ENTREVISTA 11.4.2025

11/4 Partida contra Kashiwa REVISÃO DO JOGO & ENTREVISTA

<Análise da Partida>

Um jogo importante para superar as dificuldades unidos em azul e vermelho. Até agora, a situação tem sido difícil com 6 jogos de liga sem vitória, mas queremos atrair o fluxo ao aproveitar as muitas chances criadas e conquistar a vitória que mudará todo o rumo. Nesta rodada, o jogo será realizado no Japan National Stadium, onde nunca perdemos em casa. Infelizmente, o tempo está chuvoso, mas esperamos ver a equipe se energizar com o apoio de mais de 40 mil torcedores e brilhar no campo.

Tóquio, buscando a primeira vitória desde a 3ª rodada contra o Nagoya Grampus, fez uma alteração no time titular em relação à última partida contra o Fagiano Okayama. Teppei OKA entrou na linha defensiva, formando uma defesa de três jogadores formados na academia junto com Kanta DOI e Seiji KIMURA. Além disso, no banco, os três jogadores Yuto NAGATOMO, Koizumi Keita e Keita ENDO, que estavam afastados por lesão, retornaram. Também vale a pena ficar atento ao papel que o técnico Rikizo MATSUHASHI confiará a esses jogadores experientes.

1º TEMPO — Primeiro gol da temporada de Teru, abrindo o placar tão esperado

Os onze de Tóquio entraram em campo recebidos por fogos de artifício azul e vermelho. Logo no início do jogo, o jogador Megumi Sato escapou para trás, avançou com a bola em drible e chutou. A bola passou à esquerda do gol, mas a jogada, claramente direcionada ao gol, mostrou uma forte vontade de vencer.

Ambas as equipes defendem um futebol baseado na posse de bola e na luta constante. No início, o Tokyo assumiu o controle, combinando uma construção cuidadosa com passes verticais precisos.

A partir dos 5 minutos do primeiro tempo, é a vez do Kashiwa Reysol. O Tokyo, enquanto mantém a posse de bola, constrói uma defesa sólida contra o adversário que pressiona, fechando os pontos-chave e respondendo com uma defesa que não concede liberdade.

Enquanto buscava oportunidades para atacar, Tóquio avançou no jogo e, aos 13 minutos do primeiro tempo, o jogador Oka recebeu a bola próximo à linha do meio-campo, avançou com força e disparou um forte chute de média distância com o pé esquerdo. O goleiro conseguiu defender, mas essa jogada criou uma chance a partir de um ataque calculado a partir do gol. Aos 20 minutos do primeiro tempo, o goleiro adversário saiu do gol e fez um corte impreciso, que não passou despercebido por Kota TAWARATSUMIDA, que aproveitou a bola no momento da queda do corte para chutar no gol vazio. No entanto, o jogador Kojima, que voltou rapidamente, conseguiu fazer a defesa.
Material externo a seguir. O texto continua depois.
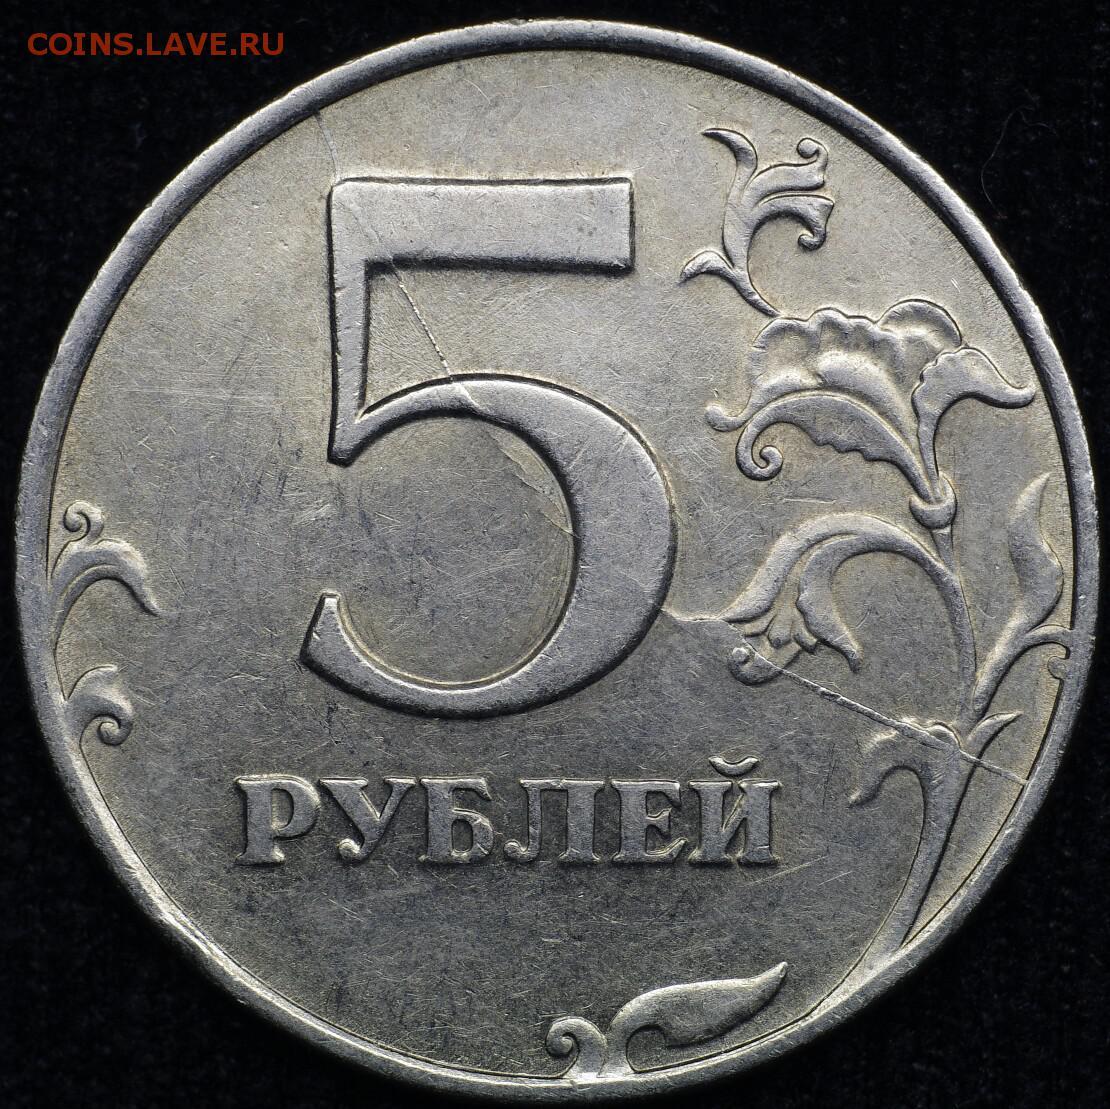 Обойдется в 5 рублей 10. 5 Рублей 1997 СПМД. Реверс 5 рублей 1997. 5 Рублей 1997 г. СПМД. Редкие 5 рублей 1997 года СПМД.

Tóquio quer marcar o primeiro gol a qualquer custo. Esse desejo se concretizou aos 35 minutos do primeiro tempo. O jogador Tawara Tsukida avançou com passos curtos pelo lado esquerdo e fez um cruzamento baixo e preciso. A bola desviou em um jogador adversário, e Teruhito NAKAGAWA empurrou para o gol. Foi o tão esperado primeiro gol, o primeiro em sete jogos desde a terceira rodada, dando a vantagem ao time.

No minuto 41 do primeiro tempo, em uma cobrança direta de falta obtida na posição de 45 graus à esquerda, o chute forte com o pé direito de Soma ANZAI acertou a trave, e o jogador Sato tentou empurrar o rebote, mas a bola foi defendida pelo goleiro, sem resultar em gol. Com a vantagem conquistada, os jogadores azul-vermelhos ficaram mais leves nos movimentos, e Tóquio passou a dominar a partida.

No ataque, mostrou uma postura agressiva e assumiu a liderança com o primeiro gol da temporada do jogador Nakagawa, enquanto na defesa, casos em que o espaço criado ao lado da linha de três zagueiros era explorado se destacaram. No intervalo, fizeram as correções necessárias e querem continuar assim para garantir a vitória. O primeiro tempo terminou em 1-0, e o jogo seguiu para o segundo tempo.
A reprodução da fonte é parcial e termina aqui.